Она хотела, чтобы он был обычным. Чтобы бегал с другими мальчишками, играл в мяч, падал в канаву, разбивал коленки. Чтобы не сидел часами на куче обрезков, водя углём по ткани. Чтобы не смотрел на неё так, как будто запоминал каждую морщинку, каждую тень под глазом, каждую седую нитку в волосах. Ей было всего двадцать семь — она родила его рано, как рожали все в Лейдене, — но под его взглядом она чувствовала себя старухой. Он видел её насквозь.

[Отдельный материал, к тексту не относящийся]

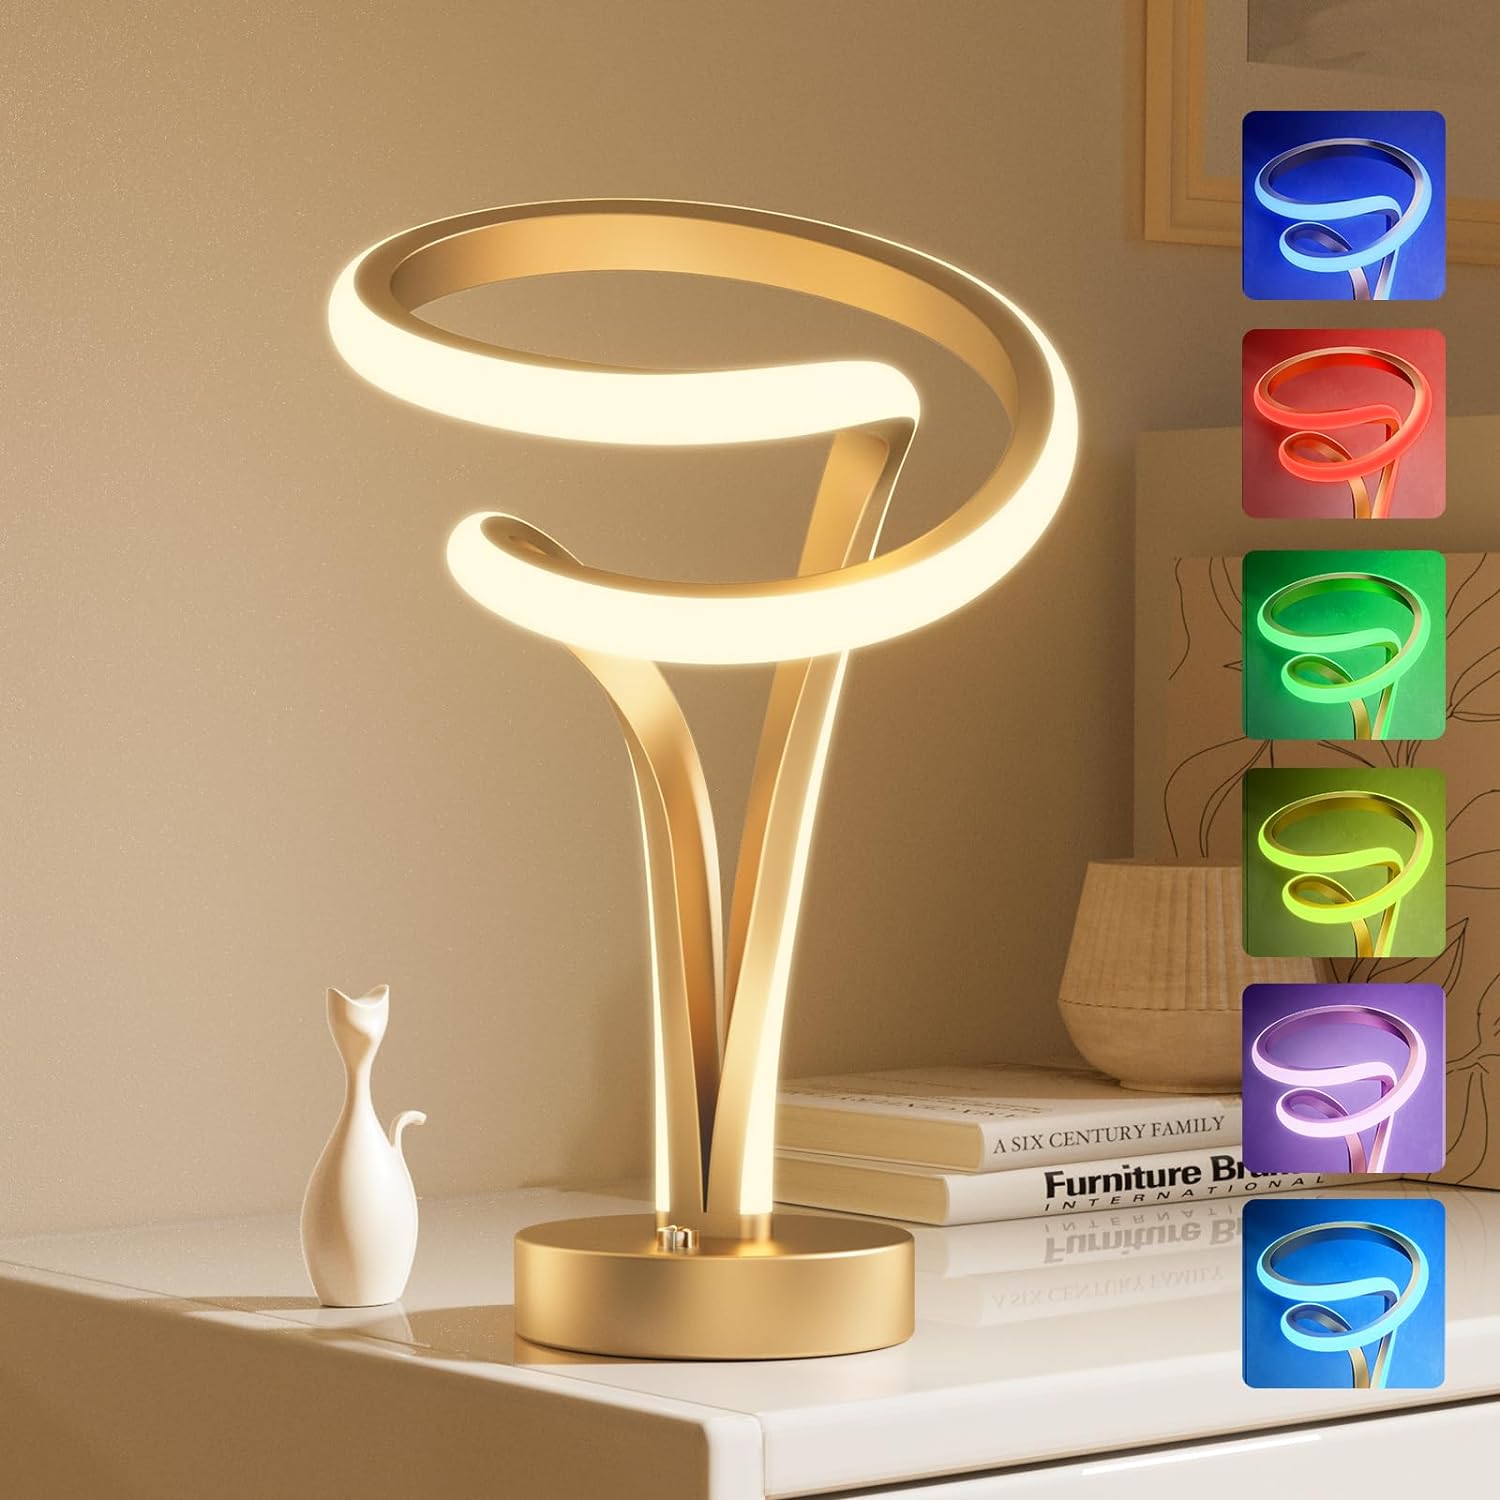 Spiral Table Lamp, 10 Light Modes Color Changing RGB Lamp, Decorative Lamp, Touch Control Dimmable LED Nightstand Lamp, Unique Gold Bedside lamp for Living Room/Bedroom

И это было страшно.
Марта и Грета были другими — обычными девочками, которые плакали, когда хотели есть, смеялись, когда им было весело, и смотрели на мать просто, без этого странного, изучающего прищура. С ними было легко. С Яном — никогда. Даже когда он молчал. Даже когда спал. Она входила в каморку, поправляла одеяло и видела, как его веки дрожат — он и во сне что-то рисовал, что-то видел, что-то запоминал.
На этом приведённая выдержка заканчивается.